I didn't know what it was to laugh.
I stretched my mouth as I had seen them do and gave an experimental "Ho-ho-ho, Ha-ha-ha" as I remembered the sound, but it didn't seem quite right and certainly felt very silly. It had an unexpected effect on Tom, too, for it sent him off into paroxysms of giggles that sounded strange coming from a grown man.
"I don't believe you know how!" he accused, and giggled again.
"Can't remember," I said crossly. "What does it matter, anyway? I'm not missing anything."
"Don't be too sure about that, then! All folks feels better after a good laugh: almost as good as a—Never mind: you're too young. Like to try some of Tom's magic?"
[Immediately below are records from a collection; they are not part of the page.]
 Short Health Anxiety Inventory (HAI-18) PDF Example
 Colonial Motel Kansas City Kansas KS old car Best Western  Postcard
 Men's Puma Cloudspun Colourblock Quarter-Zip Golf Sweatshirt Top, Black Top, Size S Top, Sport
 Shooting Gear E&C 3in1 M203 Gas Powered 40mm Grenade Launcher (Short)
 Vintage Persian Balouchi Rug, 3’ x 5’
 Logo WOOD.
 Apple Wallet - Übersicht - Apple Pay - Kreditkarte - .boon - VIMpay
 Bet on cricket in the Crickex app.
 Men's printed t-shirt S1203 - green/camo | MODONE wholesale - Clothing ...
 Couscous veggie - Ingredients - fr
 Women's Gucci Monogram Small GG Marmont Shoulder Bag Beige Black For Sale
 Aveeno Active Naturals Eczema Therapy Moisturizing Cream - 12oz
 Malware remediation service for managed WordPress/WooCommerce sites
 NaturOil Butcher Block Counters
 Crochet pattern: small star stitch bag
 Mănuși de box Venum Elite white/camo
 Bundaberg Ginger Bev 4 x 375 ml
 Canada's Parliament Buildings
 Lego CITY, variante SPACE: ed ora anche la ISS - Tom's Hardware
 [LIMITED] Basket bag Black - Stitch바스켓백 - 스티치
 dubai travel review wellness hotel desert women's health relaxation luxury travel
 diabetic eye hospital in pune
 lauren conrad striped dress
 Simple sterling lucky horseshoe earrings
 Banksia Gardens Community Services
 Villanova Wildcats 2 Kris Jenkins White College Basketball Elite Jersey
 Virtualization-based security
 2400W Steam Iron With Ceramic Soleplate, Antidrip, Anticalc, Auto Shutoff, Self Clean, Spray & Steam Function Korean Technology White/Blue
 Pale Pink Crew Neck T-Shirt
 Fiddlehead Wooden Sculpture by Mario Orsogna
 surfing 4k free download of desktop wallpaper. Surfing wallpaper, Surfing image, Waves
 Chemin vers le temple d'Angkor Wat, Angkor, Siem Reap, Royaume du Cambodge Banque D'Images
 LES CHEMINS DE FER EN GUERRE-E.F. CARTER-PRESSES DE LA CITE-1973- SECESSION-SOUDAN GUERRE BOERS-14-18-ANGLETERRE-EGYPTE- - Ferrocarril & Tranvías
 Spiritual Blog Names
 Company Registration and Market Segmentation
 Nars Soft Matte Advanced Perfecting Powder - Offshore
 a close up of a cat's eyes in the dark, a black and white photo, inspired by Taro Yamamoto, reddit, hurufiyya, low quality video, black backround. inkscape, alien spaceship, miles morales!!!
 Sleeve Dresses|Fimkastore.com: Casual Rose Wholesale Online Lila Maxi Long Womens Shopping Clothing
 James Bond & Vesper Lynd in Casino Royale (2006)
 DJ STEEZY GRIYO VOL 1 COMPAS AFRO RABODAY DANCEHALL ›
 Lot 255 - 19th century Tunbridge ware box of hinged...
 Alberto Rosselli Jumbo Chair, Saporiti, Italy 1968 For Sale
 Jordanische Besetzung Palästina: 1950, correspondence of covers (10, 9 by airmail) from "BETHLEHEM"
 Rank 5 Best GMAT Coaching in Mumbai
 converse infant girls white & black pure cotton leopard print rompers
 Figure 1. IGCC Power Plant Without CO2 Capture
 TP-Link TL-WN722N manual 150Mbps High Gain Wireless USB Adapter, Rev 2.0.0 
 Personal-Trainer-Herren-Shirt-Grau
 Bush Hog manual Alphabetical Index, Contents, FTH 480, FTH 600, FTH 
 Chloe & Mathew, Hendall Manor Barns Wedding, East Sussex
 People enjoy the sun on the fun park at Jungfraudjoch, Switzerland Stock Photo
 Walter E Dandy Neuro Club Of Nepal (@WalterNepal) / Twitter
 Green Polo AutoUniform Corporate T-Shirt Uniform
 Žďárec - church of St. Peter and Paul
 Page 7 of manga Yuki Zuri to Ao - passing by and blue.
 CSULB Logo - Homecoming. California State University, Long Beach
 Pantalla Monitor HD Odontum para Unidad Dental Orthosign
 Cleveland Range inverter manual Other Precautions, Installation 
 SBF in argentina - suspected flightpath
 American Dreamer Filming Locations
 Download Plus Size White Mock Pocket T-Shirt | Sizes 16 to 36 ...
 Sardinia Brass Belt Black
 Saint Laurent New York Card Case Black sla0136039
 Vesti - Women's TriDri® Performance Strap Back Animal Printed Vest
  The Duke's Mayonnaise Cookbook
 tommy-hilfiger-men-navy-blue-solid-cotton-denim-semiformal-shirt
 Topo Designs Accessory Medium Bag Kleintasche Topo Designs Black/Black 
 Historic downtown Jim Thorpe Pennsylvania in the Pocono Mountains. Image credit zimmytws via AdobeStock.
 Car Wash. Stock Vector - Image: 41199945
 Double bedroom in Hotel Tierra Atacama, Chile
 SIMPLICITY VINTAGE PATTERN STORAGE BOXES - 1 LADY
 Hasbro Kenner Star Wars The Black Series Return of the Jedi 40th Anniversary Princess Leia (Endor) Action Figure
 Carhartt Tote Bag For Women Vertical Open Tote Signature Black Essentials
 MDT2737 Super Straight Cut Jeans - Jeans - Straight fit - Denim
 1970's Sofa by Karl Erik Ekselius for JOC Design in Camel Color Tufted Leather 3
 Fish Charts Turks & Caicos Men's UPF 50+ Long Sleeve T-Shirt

"You can do magic?" I gasped.
"Oh, not your old spells and suchlike, only the magic what's in my little friends here," and he opened his pouch and took out some more mushrooms, a large red one with white spots on it and some tiny brown ones with a little knob on top. "This one here, the big fellow, is what they call the Magic Mushroom. Why there are folks overseas who worship this one like a god on account of it gives them pleasant dreams if they take it in moderation, and kills their enemies for them taken in larger amounts: I reckon enough of 'em died finding the right doses . . . I ain't going to give you none of him 'cos you has to think of size and weight and age and tolerance to make the dose right for dreams and wrong for t'other, but these little fellows—Fairies Tits when they're fresh and Mouse-Dugs dried—these fellows I can measure out for you and give you nothing more'n a good laugh or two. Not that they ain't bad when taken too much, but I'll only give you a tickle.
"Well? You looks doubtful: then I'll take 'em too, like the drink last night, but I'll take twice as much . . ."
In the end he persuaded me, not so much from his words as from a mutter from Puddy: "Seen 'em before: not poison in small quantities. No more than the number of my toes, mind . . ."
And that is exactly the number he gave me, lightly cooked in the fat remaining in the pan-juices: fourteen tiny little mushrooms. I tasted one: nothing special. I waited till he had eaten half his—double my quantity—before I started on the rest.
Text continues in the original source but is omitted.